There is one caveat to using this integration point: Terraform’s developers do not consider the state file format to be a public interface. So they reserve the right to make breaking changes that to the state format that aren’t reflected as breaking in the version number. That said… in practice, the state file format hasn’t changed often so far. Also, if they do, the concept of state is so fundamental to Terraform that there will also be some mechanism for storing it. So if it does change, there will be a way for our Ansible integration to follow along.

Ansible Dynamic Inventory

You can find this part of the solution at https://github.com/nbering/terraform-inventory/.
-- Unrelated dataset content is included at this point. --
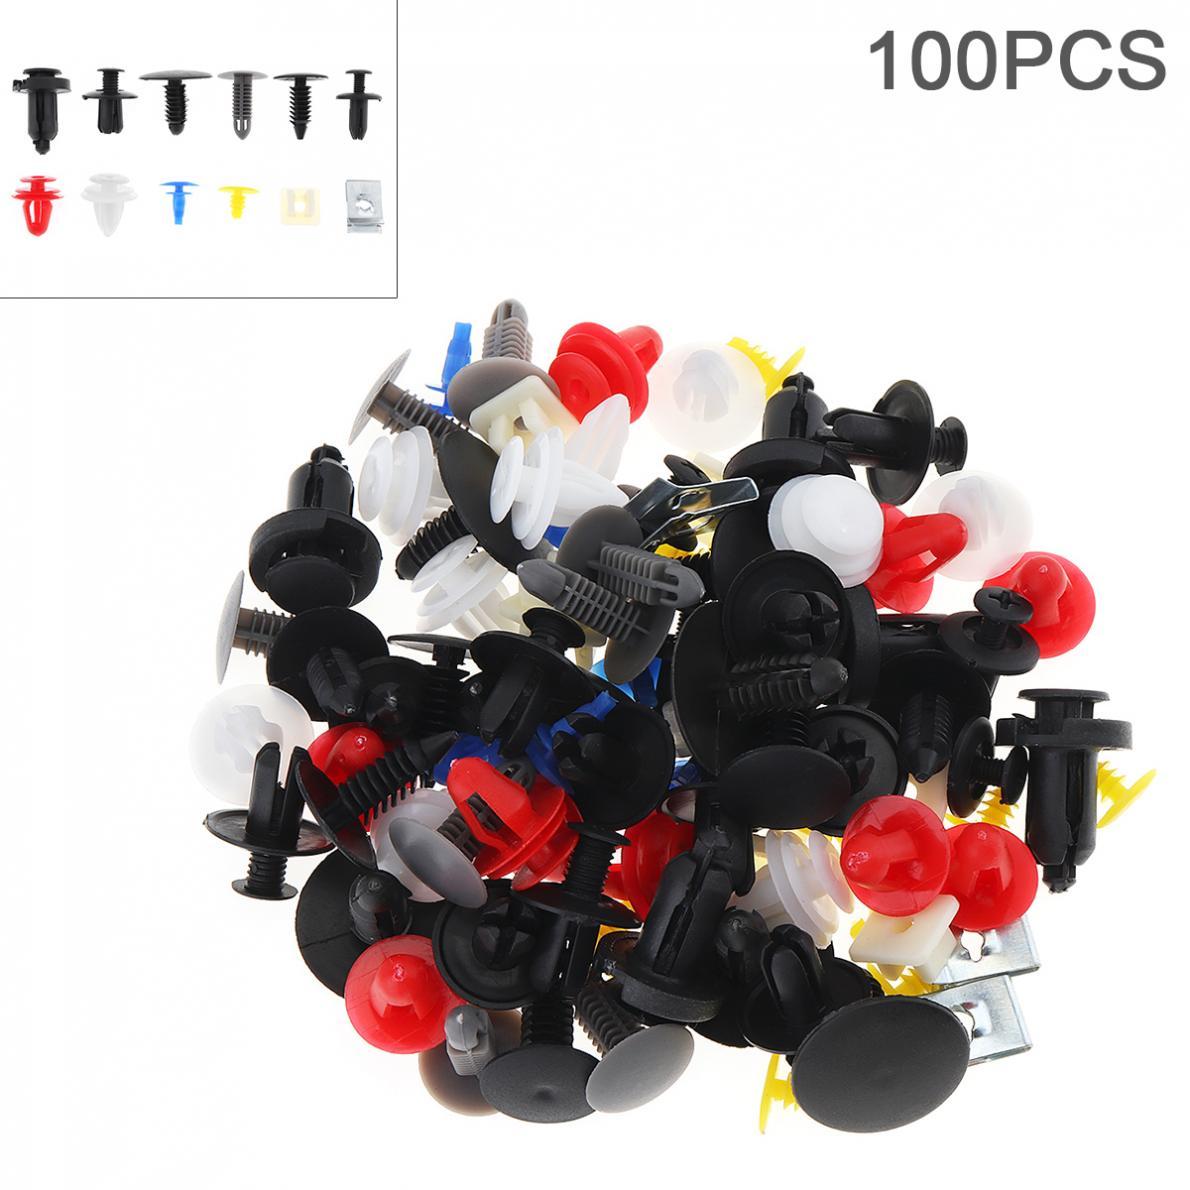 100pcs 12 Kinds Universal Plastic+Metal Car Body Bumper Push Pin Clip Rivets

This part is just a simple script that shells out to terraform state pull to retrieve the JSON state data, and then just finds the records that are ansible_host resources, and assembles them in a way that Ansible can understand… like this (formed from the json state data in the previous section):

{
  "web": [
    "www.example.com"
  ],
  "all": [
    "www.example.com",
    "db.example.com"
  ],
  "db": [
    "db.example.com"
  ],
  "_meta": {
    "hostvars": {
      "db.example.com": {
        "fooo": "ccc",
        "bar": "ddd"
      },
      "www.example.com": {
        "fooo": "aaa",
        "bar": "bbb"
      }
    }
  },
  "example": [
    "www.example.com",
    "db.example.com"
  ]
}

Ansible’s dynamic inventory feature is designed to detect that the inventory file is not a flat text file, but a script or executable. If it is executable, Ansible will run it, and parse the standard out as the above JSON format. Here’s an example of a command using this feature:

ansible-playbook -i /etc/ansible/terraform.py playbook.yml

When using a dynamic inventory script like this, we are normally giving up support for the plain text host file. While this is true in the traditional sense, we still gain some backwards compatibility because the Terraform ansible_host resource does not need to represent a server managed by Terraform. This allows you to mix-and-match Terraform-managed resources with your on-premises, manually-configured or legacy systems.

Conclusion

By using the plugin and state storage mechanisms of Terraform, and the dynamic inventory feature of Ansible, we can automate the integration of the two very nicely.